The Asian Meter merely puts some casual observations to the test with systematic inquiry. How many Asians actually write for The Big Three? Adam’s question goes further and points in the direction of what’s going on behind the scenes here. What are all the players doing? The answer to his question is more complex, and it’s exactly the sort of question we need to be asking in order to effectively address racial imbalances in our publications.

For example, in creating the Asian Meter database, one of the key factors I noticed has to do with the composition of a magazine’s regular contributors. If you are a white writer, you’re more likely to be tapped to write again in Tricycle than if you happen to be Asian. (I don’t have the numbers in front of me right now, but I’ll happily dig up the numbers for another post.) One solution might be for Tricycle to do more outreach both to recruit new Asian writers and also to retain old ones. But I’m getting ahead of myself here—it’s only by looking deep into the issue that we have the empirical basis to act on such a suggestion.

I haven’t provided a very thorough response, but Adam’s question has no simple answer. Just think of when we ask the same type of question in other fields. Why do so few women become surgeons? Why do so few African American students sign up for business plan competitions? It is no less controversial to ask why so few Asians write in the major American Buddhist publications. But it’s my belief that questions like Adam’s are among the few ways we can make any progress towards a truer diversity.

Drawing Lines Beyond Labels

From Rev. Danny Fisher’s blog feed, I learned about the Jizo Chronicles by Maia Duerr (not to be confused with the Great Vows of Ksitigarbha Bodhisattva blog). In the post Socially Engaged Buddhism Beyond Labels, Duerr strikes a contrast between engaged Buddhism and socially engaged Buddhism.

So here’s my theory (others, like Ken Jones, have articulated it in a similar way). I see engaged Buddhism as akin to what Rev Coffin is talking about when he talks about charity. On a very basic level, it’s pretty hard to avoid being an engaged Buddhist. We see suffering, and we respond. There are many Buddhist groups that are organized in this way, like the Tzu Chi Foundation — doing relief work, addressing immediate needs such as hunger, medical needs, etc.

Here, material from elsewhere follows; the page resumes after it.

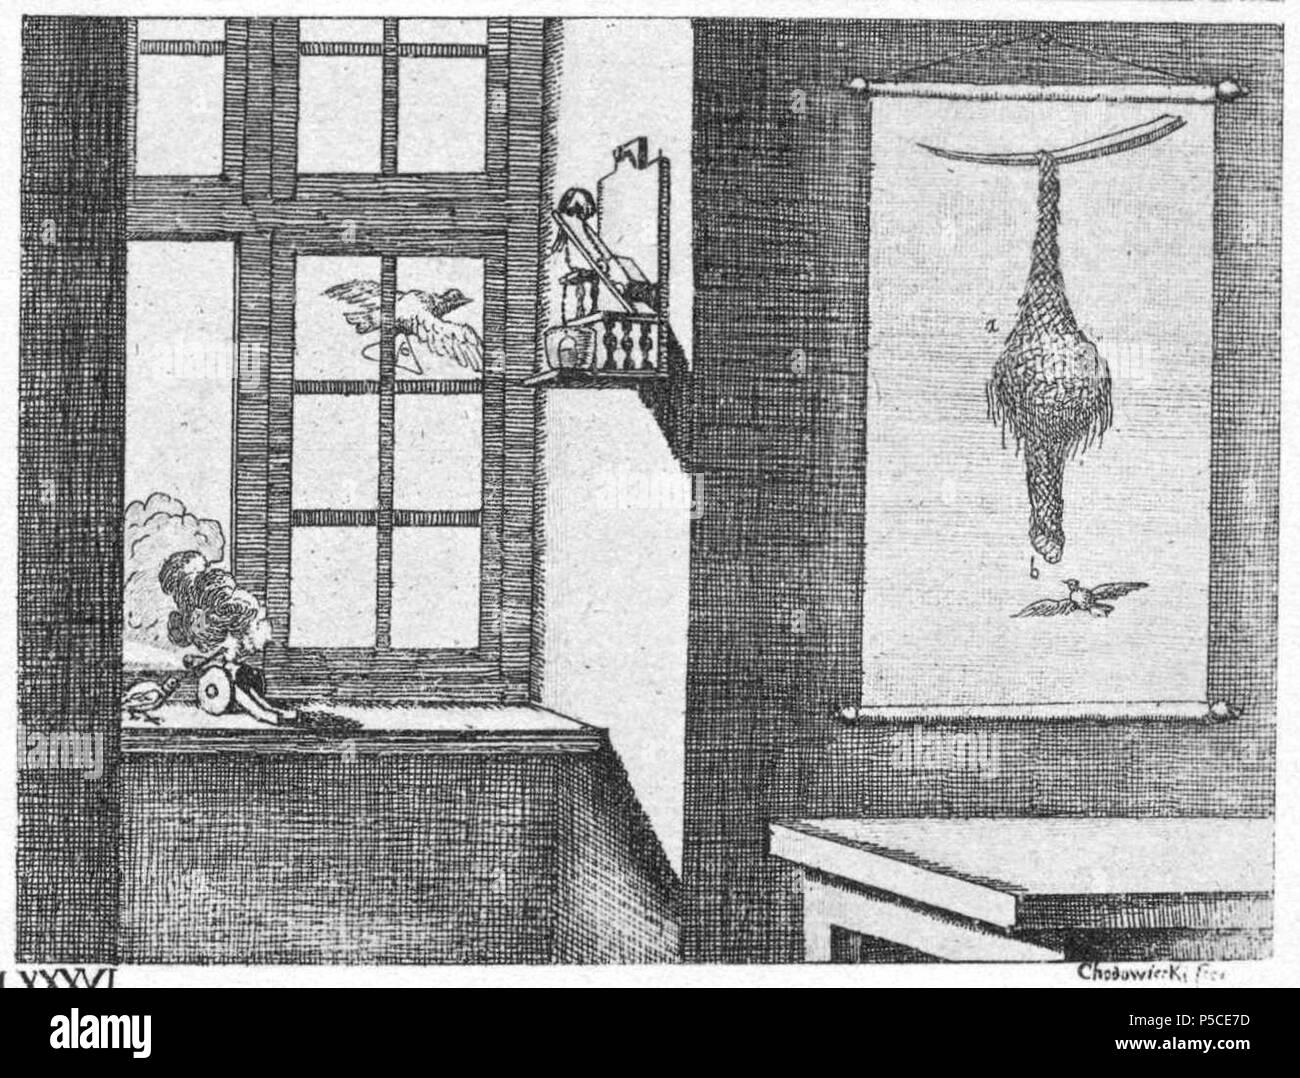 N/A. Registerkarte. LXXXVI. Geschicklichkeit der Tiere. d) Der Kanarienvogel, ein konstabel. Taube stirbt, ist länger tot Briefträgerin. Ein Stieglitz,-Freßkasten ziehend. Das Nest des Pendolino, wie eine Korbflasche mit zwei Hälsen. (Beschreibung Lt. Quelle). 1774. Daniel Chodowiecki (1726 - 1801) Alternative Namen Daniel Nikolaus Chodowiecki Beschreibung deutsch-polnischen Maler und Graphiker Geburtsdatum / Tod 16. Oktober 1726 vom 7. Februar 1801 Ort der Geburt / Todes Gdask Berlin Standort Berlin Authority control: Q 696720 VIAF: 59092320 ISNI: 0000 0001 2134 8231 ULAN: 500014861 50038187 LCCN: n Stockbild

Socially engaged Buddhism, in contrast, is about looking at the structures that lie underneath these forms of suffering, and then responding to those structures. At the root of the hunger and homelessness, for example, are systems of economic and racial injustice (to name just a couple) where some people have the odds stacked against them. This doesn’t mean that people can’t transcend their conditions; of course they can. But it’s a system that contributes to a vast amount of suffering, and the big question is: does it need to be that way?

I don’t understand where Duerr draws the line that separates engaged Buddhists from socially engaged Buddhists. Specifically what makes the Tzu Chi Foundation not a socially engaged Buddhist organization?